O professor Bernard Rollin, que leciona Filosofia e Ciência Animal na Universidade do Colorado, acredita que uma “cegueira ideológica” faça pensar que estes animais não são inteligentes. Ele considera que o problema possa residir no fato das pessoas verem estes animais como rebanhos. “Você vê mil vacas ou porcos e pensa que eles são iguais, mas há realmente diferenças individuais imensas”, argumentou ele.
De acordo com o Farm Sanctuary, vacas ficam estimuladas quando recebem desafios intelectuais, galinhas podem andar por labirintos e antecipar o futuro, e ovelhas são capazes de lembrar de dezenas de fisionomias individuais humanas e de outras ovelhas por mais de dois anos.
Há pesquisas sugerindo que campanhas como a Someone Project podem exercer grande influência nos consumidores.
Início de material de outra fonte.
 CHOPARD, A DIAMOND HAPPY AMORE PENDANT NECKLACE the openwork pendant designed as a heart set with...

Em um recente estudo que examinava as dúvidas que as pessoas tinham quanto a comer carne, os psicólogos Matthew Ruby e Steven Heine da Universidade de British Columbia concluíram que o nível de inteligência dos animais não-humanos era a preocupação mais comum.
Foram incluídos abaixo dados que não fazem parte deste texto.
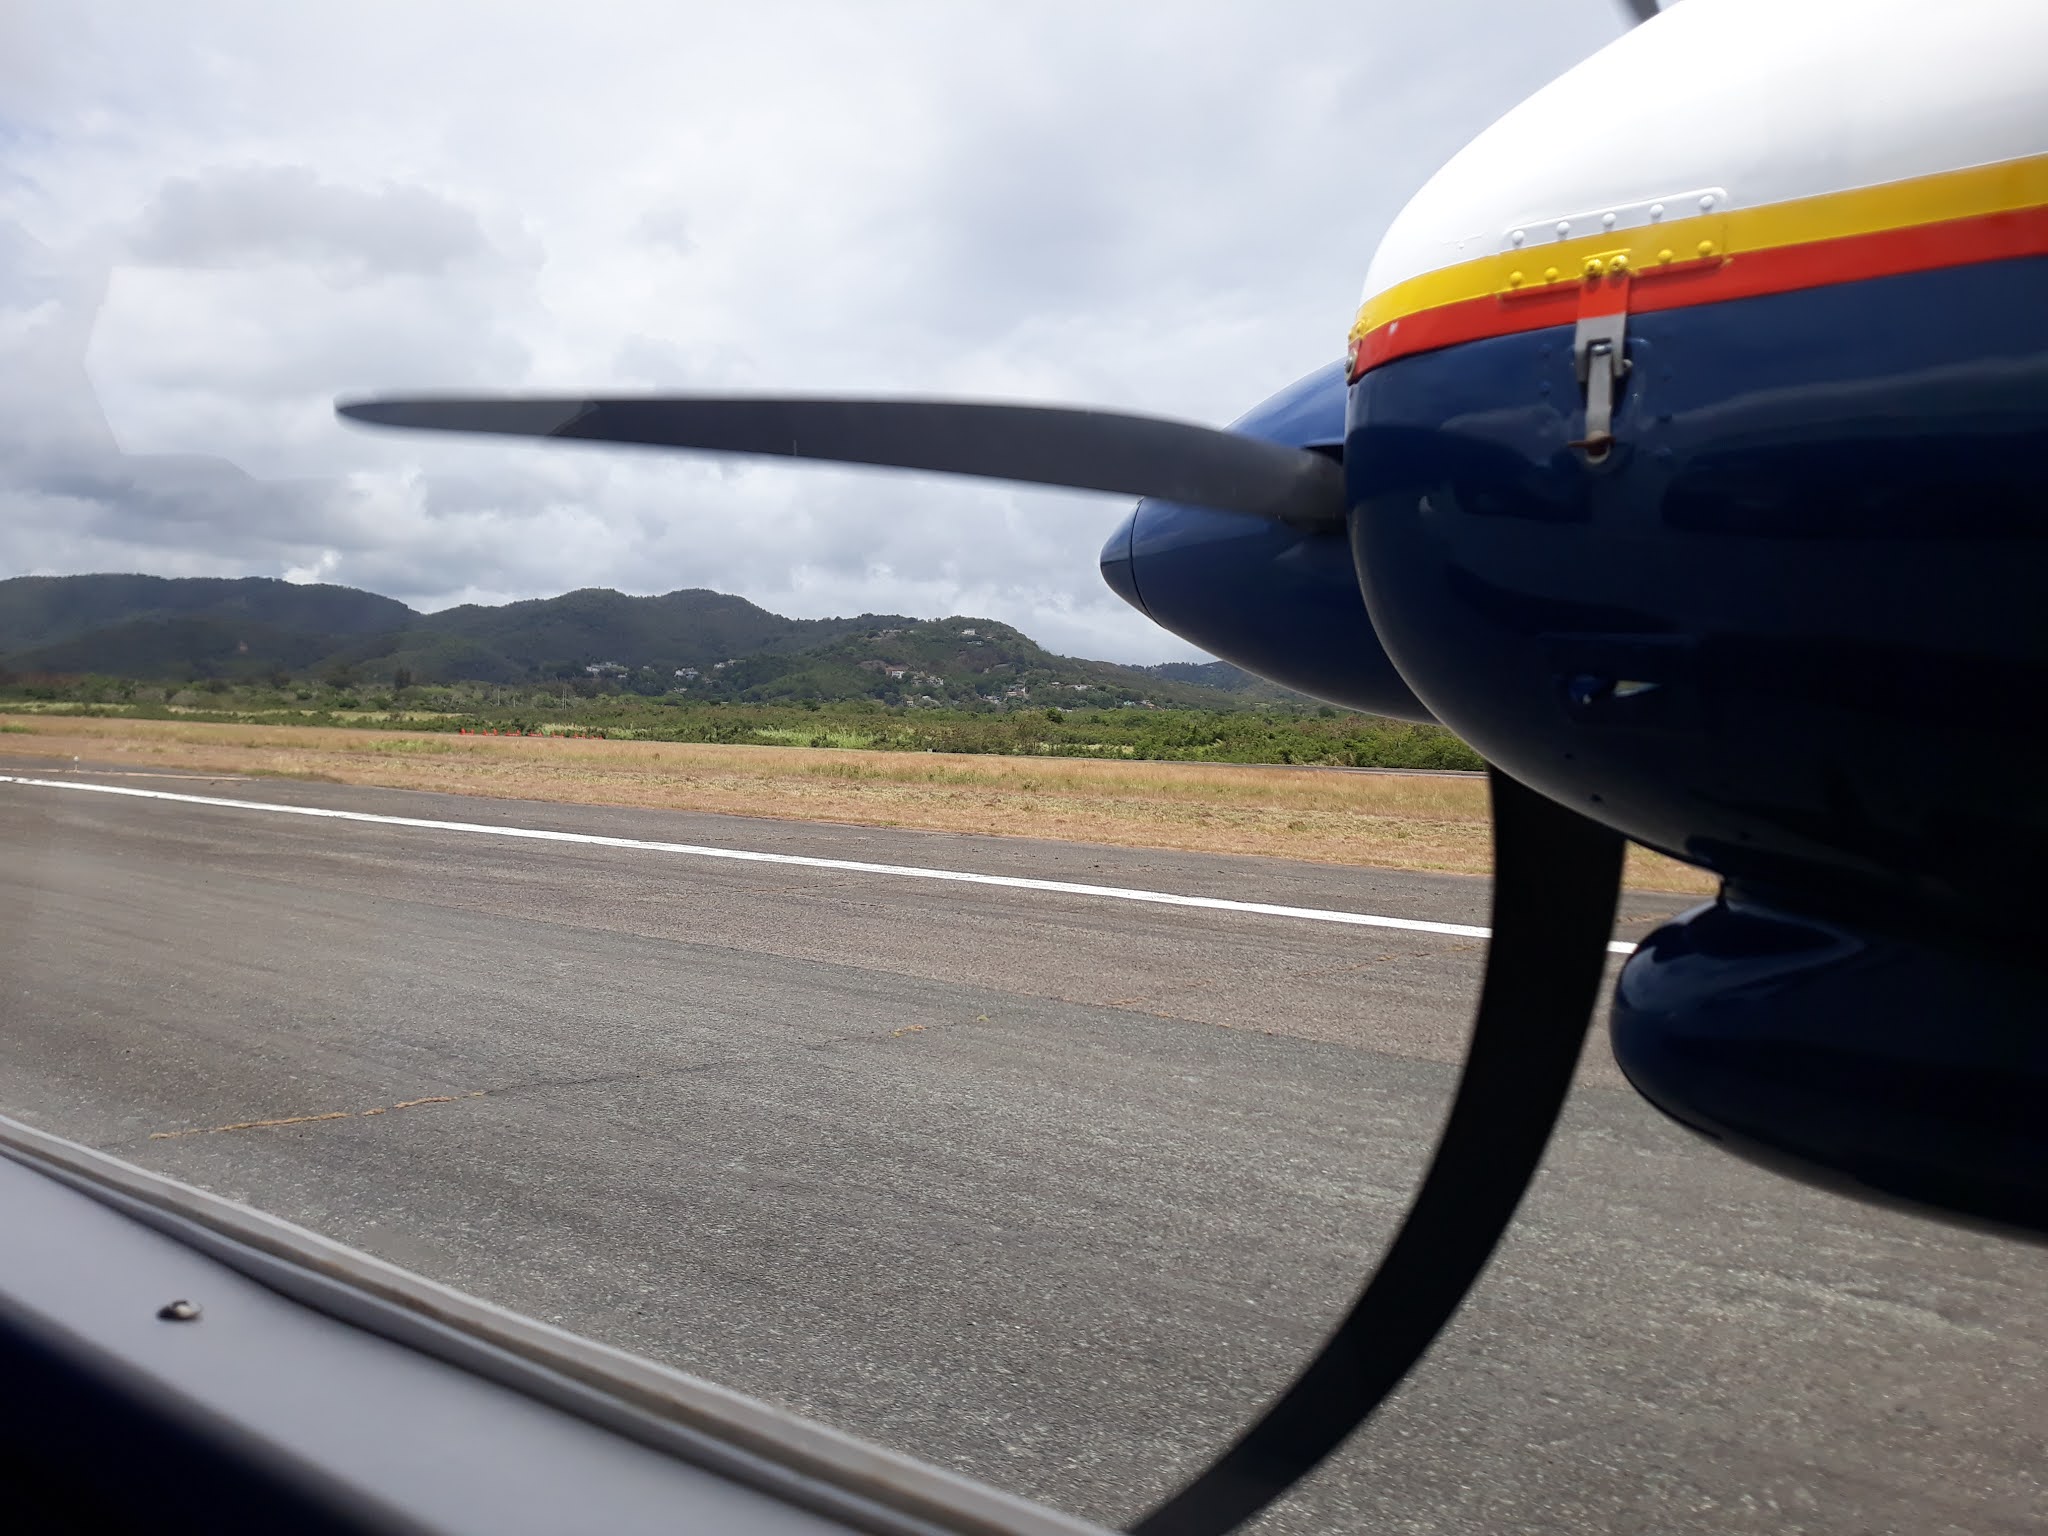 While we are getting our tour cost refunded, we incurred costs more then the tour because of the company canceling at the last minute, with no explanation for the cancelation. Observations Of The Practical Kind Traveling To Puerto Rico S Isla De Vieques

Outro estudo conduzido por pesquisadores universitários da Austrália e Inglaterra revelou que muitas pessoas que comem carne sentem conflito moral se lembradas da inteligência dos animais que estão consumindo.
“Embora a maior parte das pessoas não se importe em comer carne, elas não gostam de pensar que os animais que elas comem têm mentes pensantes”, escreveram os pesquisadores no Boletim de Personalidade e Psicologia Social.
Dena Jones, gerente do Animal Welfare Institute, prevê que a consciência sobre a inteligência dos animais explorados para alimentação humana deverá aumentar constantemente, levando a uma maior pressão sobre a indústria, desde os varejistas de alimentos até as cadeias de restaurantes.
“São os varejistas que irão forçar a indústria a trazer suas práticas em linha com as expectativas dos consumidores”, disse ela.
Janeen Salak-Johnson, professora do Departamento de Ciências Animais da Universidade de Illinois, disse que observa um conflito entre seus estudantes quando eles se defrontam com questões sobre bem-estar animal e suprimento de alimentos. Ela conta que, enquanto alguns alunos do subúrbio de Chicago estão partindo para dietas vegetarianas, os de comunidades rurais têm a crença de que as fazendas locais ajudam a alimentar o mundo.
Salak-Johnson se diz a favor de um “meio termo”, e alega que campanhas como a Someone Project vão longe ao tentar equalizar animais que ela chama “de produção” com animais domésticos.
“Nós não podemos deixar todos estes animais livres – não é um sistema economicamente sustentável”, afirmou ela, que ainda acrescentou: “Precisamos cumprir nossas obrigações com estes animais, mas é justo da nossa parte fazer o mundo passar fome?”.